■ PROBLEM:
If pictures are present, leave them out, and copy the data word for word.

■ AVAILABLE DATA:

== Segment start ==

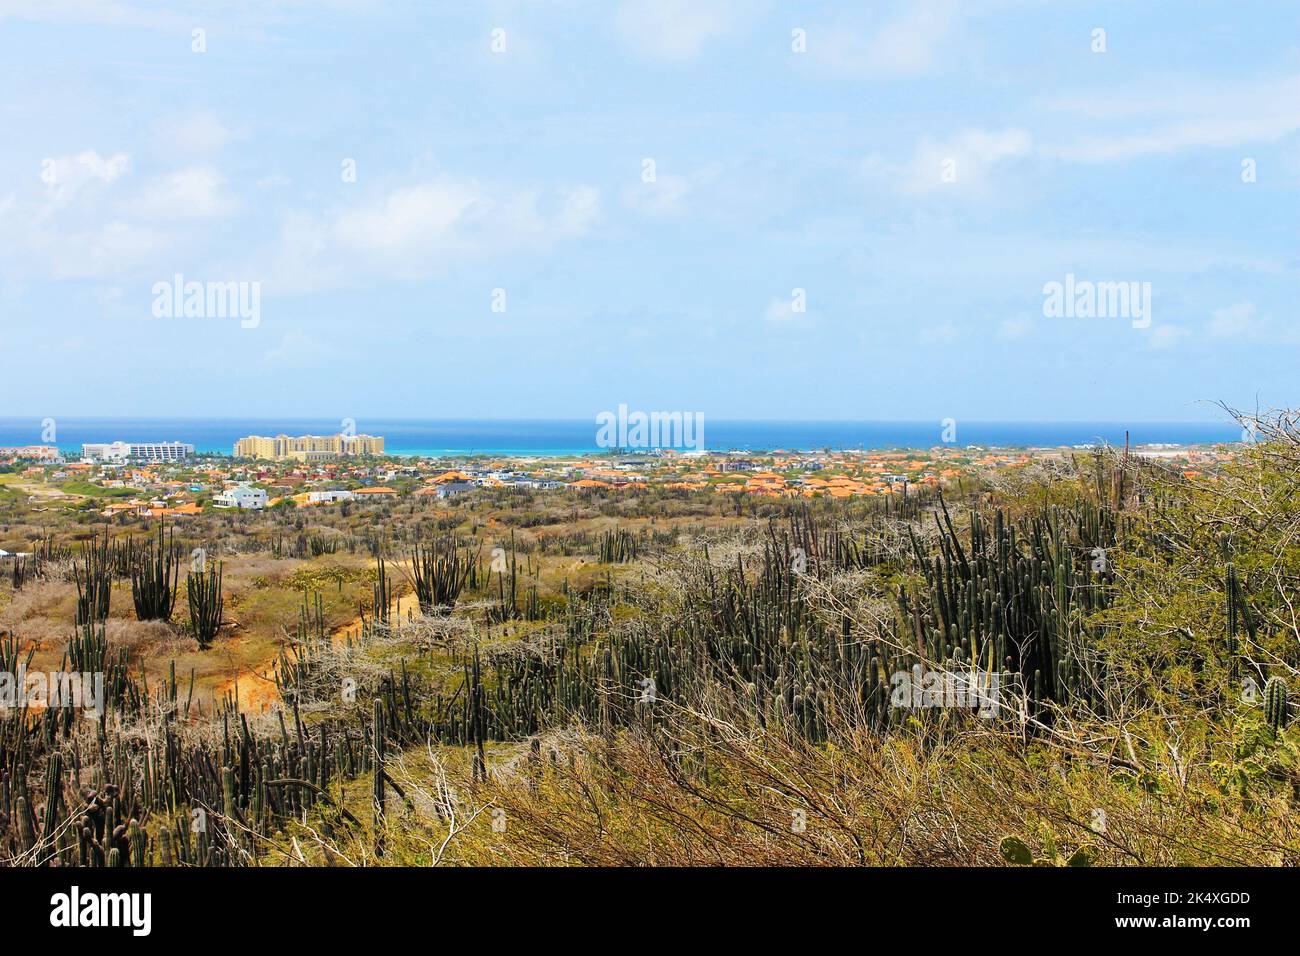 Si affaccia sull'isola di Aruba, dalla cima di una collina. Foto Stock
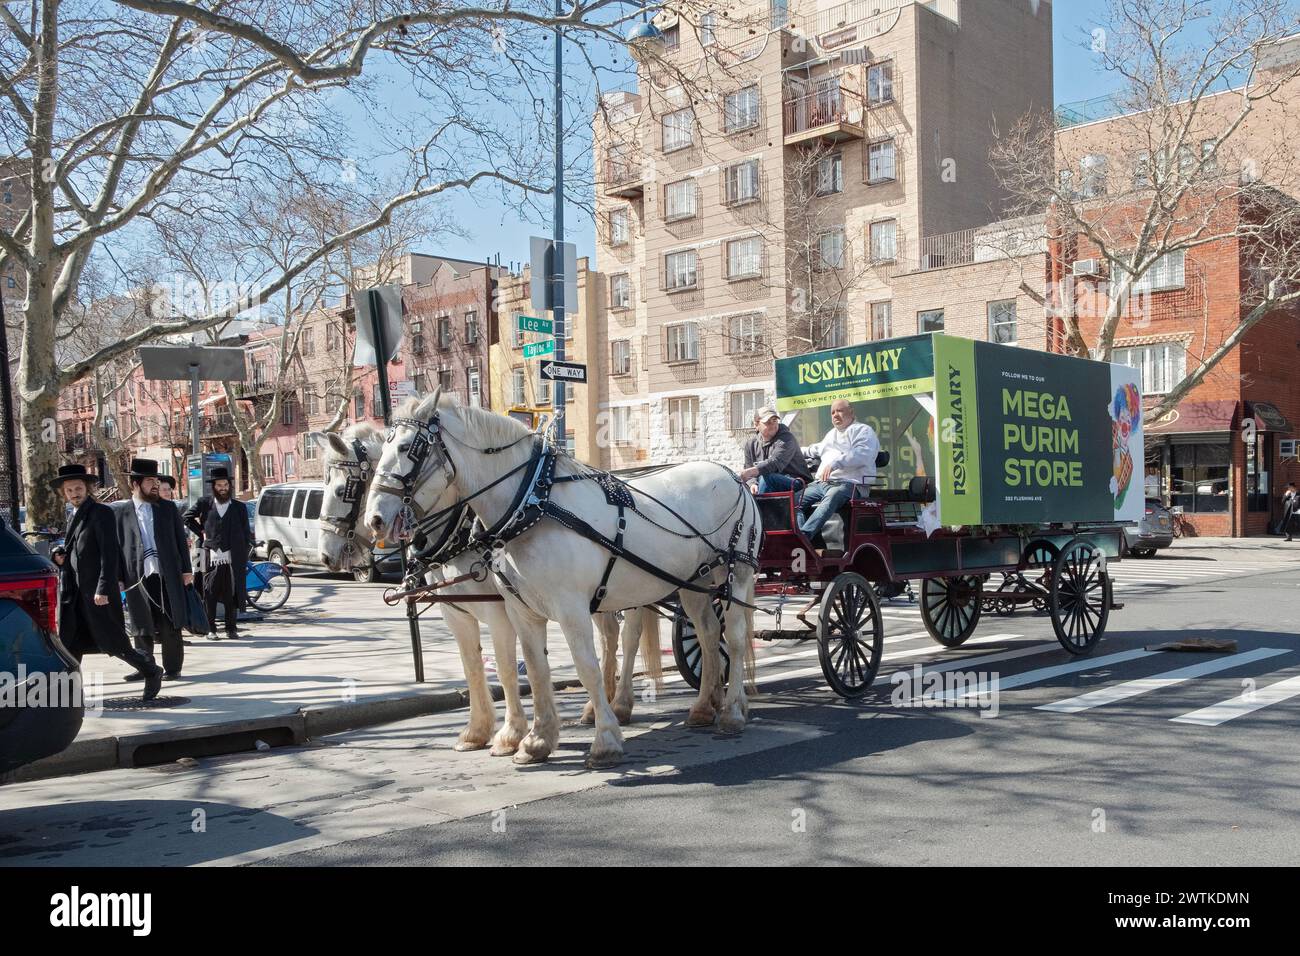 Eine Pferdekarre, die für den Rosemary Kosher Supermarkt, einen Ort, an dem Lebensmittel und Spielzeug für den Purim-Urlaub gekauft werden, wirbt. Auf der Lee Avenue in Brooklyn, NY. Stockfoto
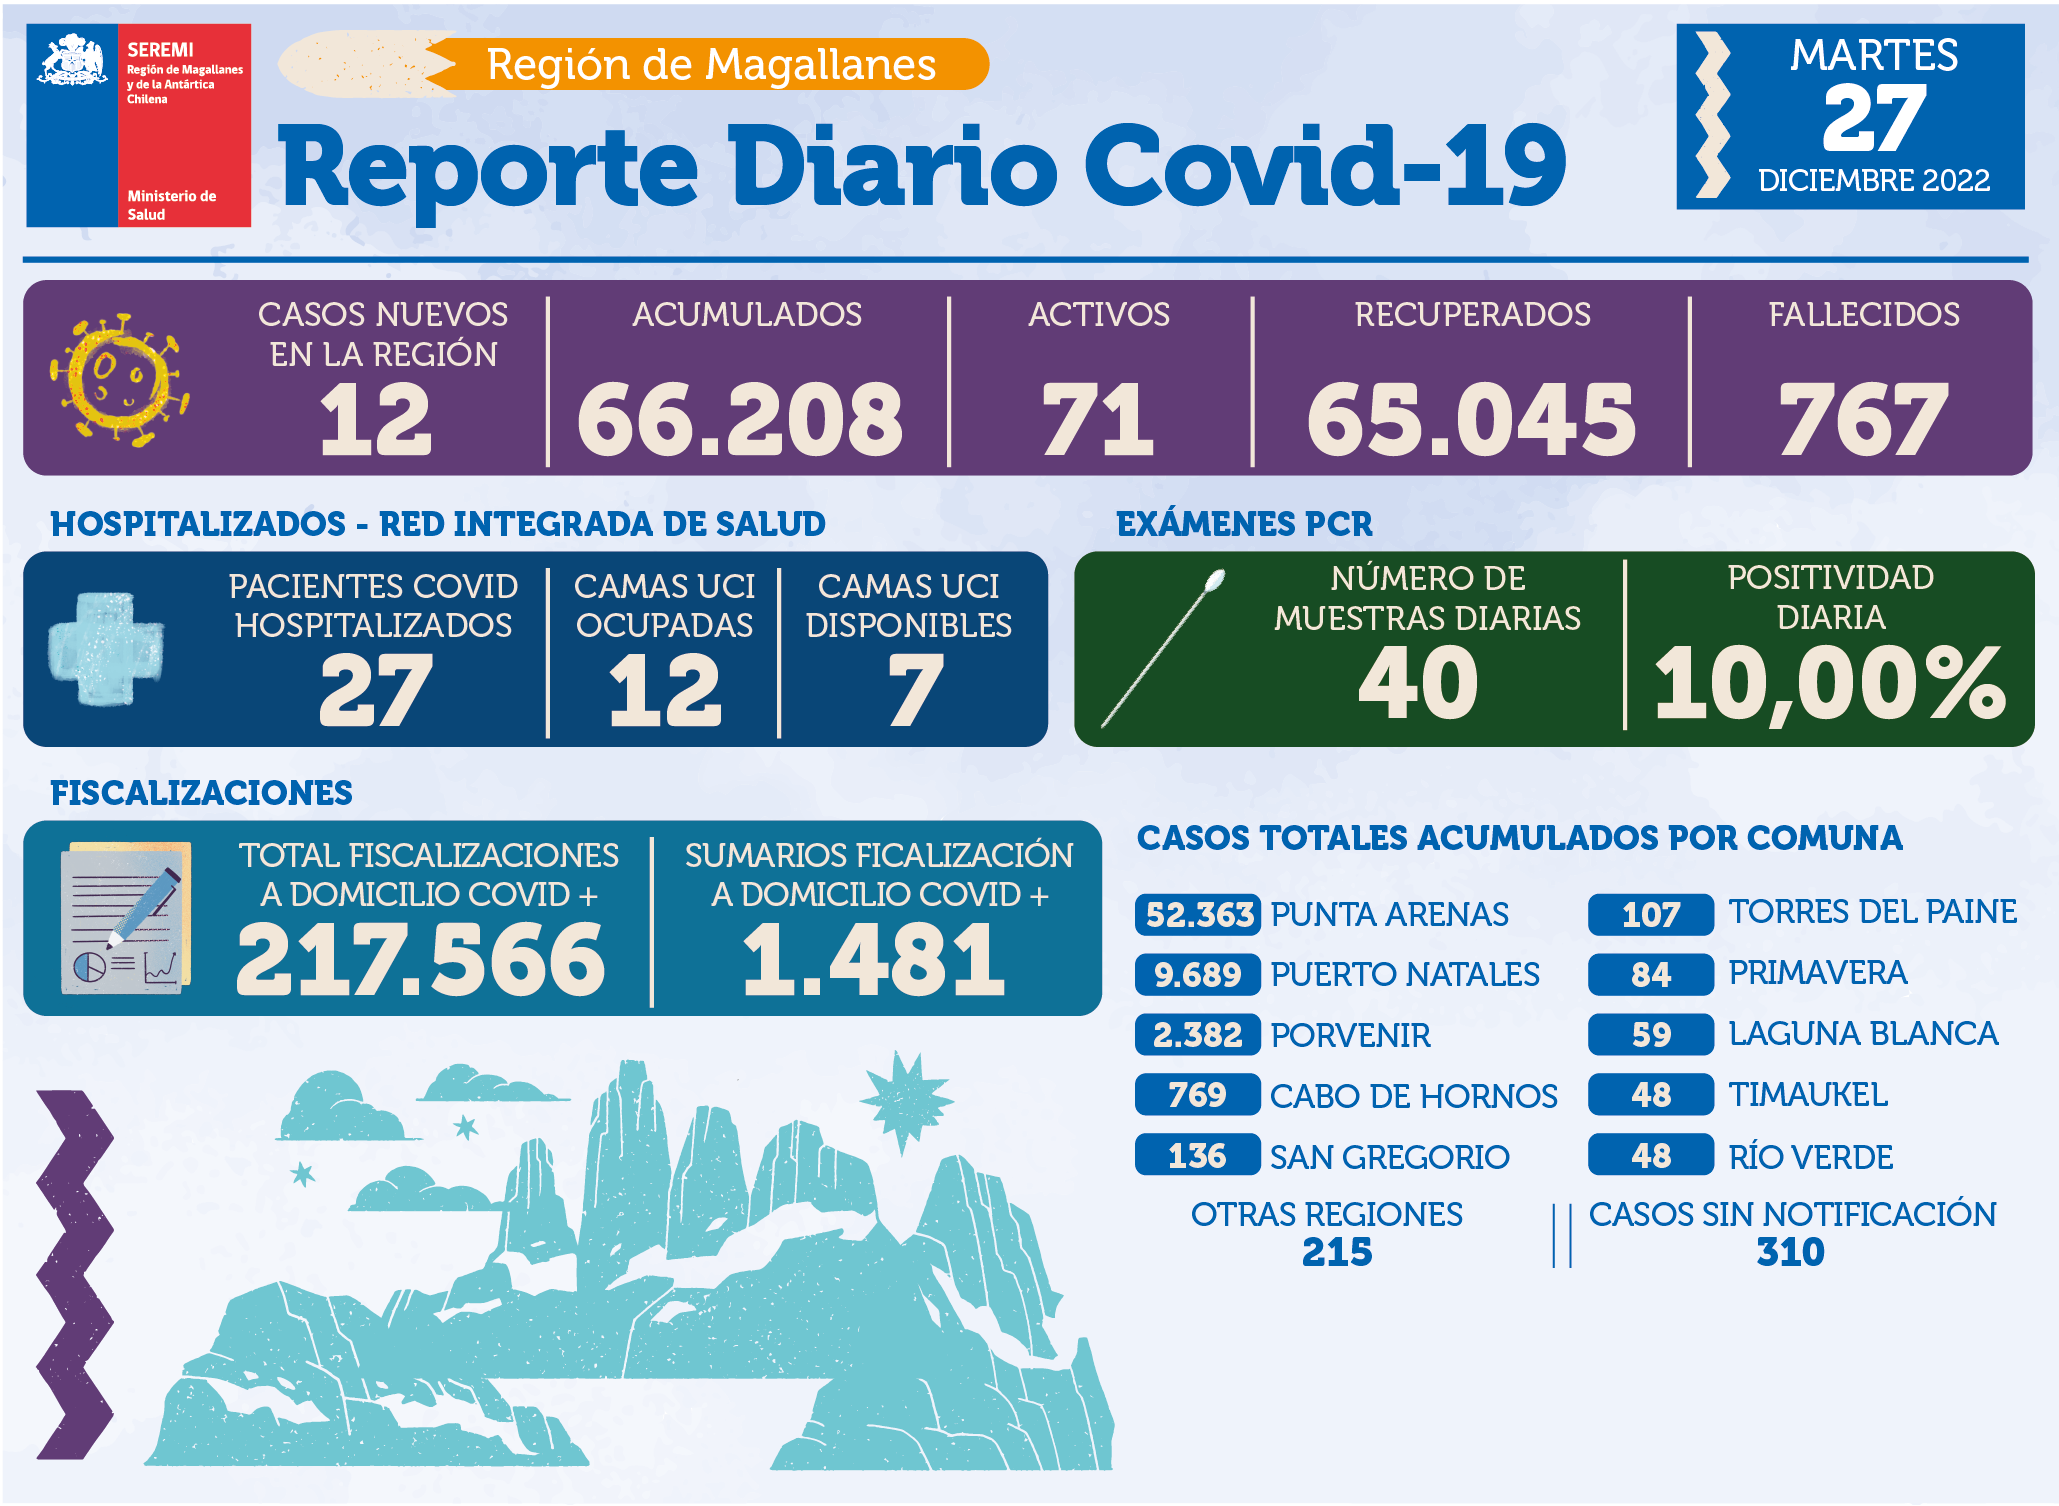 12 casos nuevos de covid19 se registran hoy 27 de diciembre en Magallanes
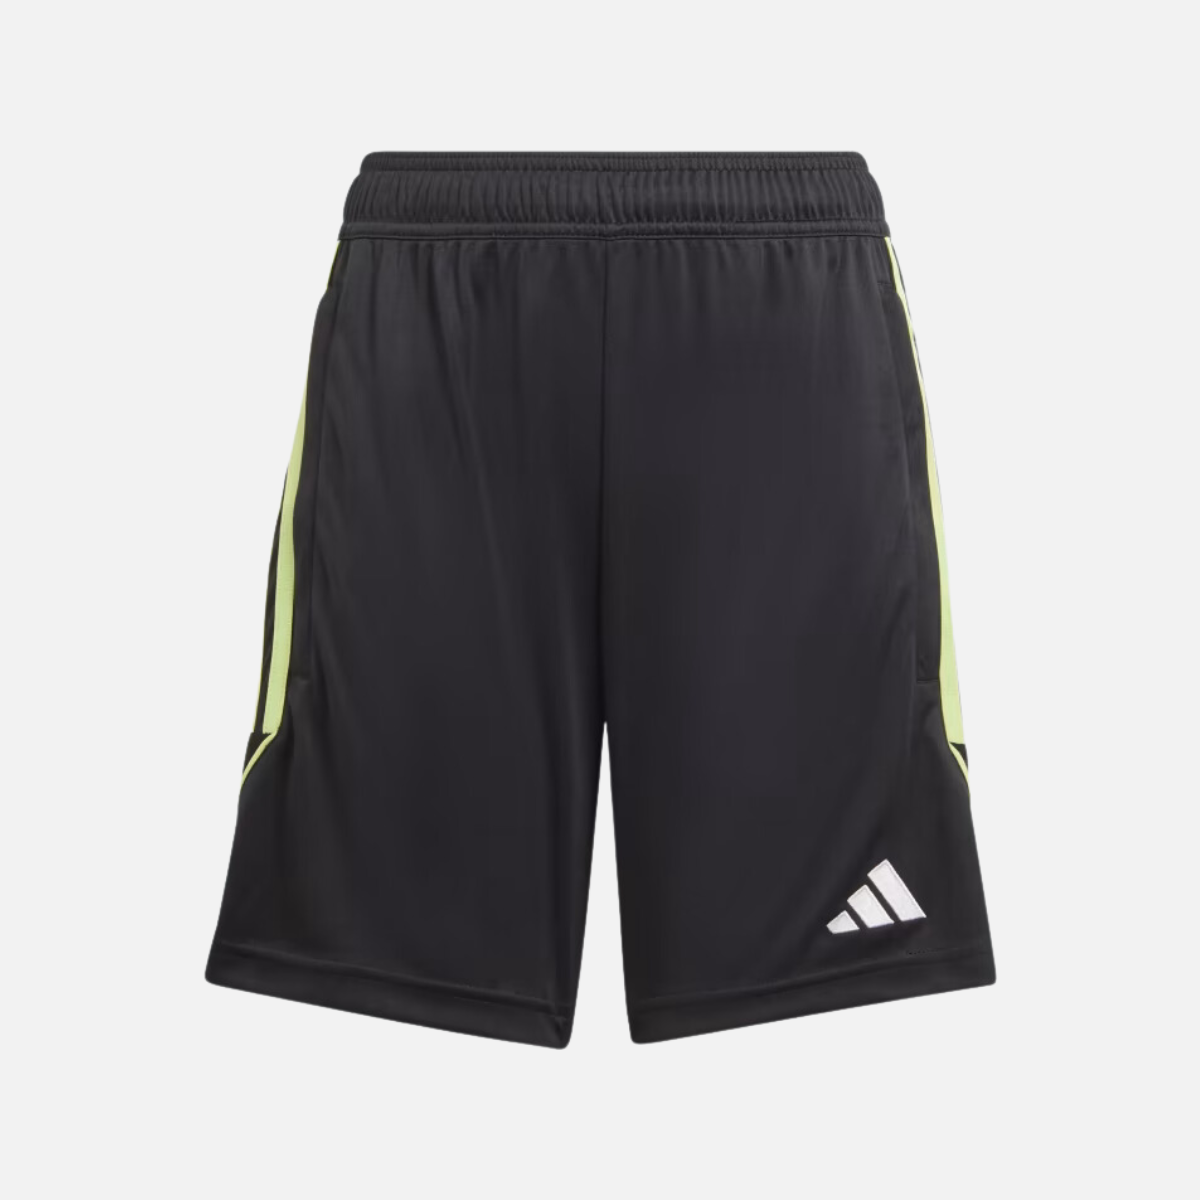 Adidas Tiro 23 League Kids Unisex Training Shorts (5-12 Years) -Black/Pulse Lime

== Segment end ==

■ PROBLEM SOLUTION:
 Si affaccia sull'isola di Aruba, dalla cima di una collina. Foto Stock
 Eine Pferdekarre, die für den Rosemary Kosher Supermarkt, einen Ort, an dem Lebensmittel und Spielzeug für den Purim-Urlaub gekauft werden, wirbt. Auf der Lee Avenue in Brooklyn, NY. Stockfoto
 12 casos nuevos de covid19 se registran hoy 27 de diciembre en Magallanes
 Adidas Tiro 23 League Kids Unisex Training Shorts (5-12 Years) -Black/Pulse Lime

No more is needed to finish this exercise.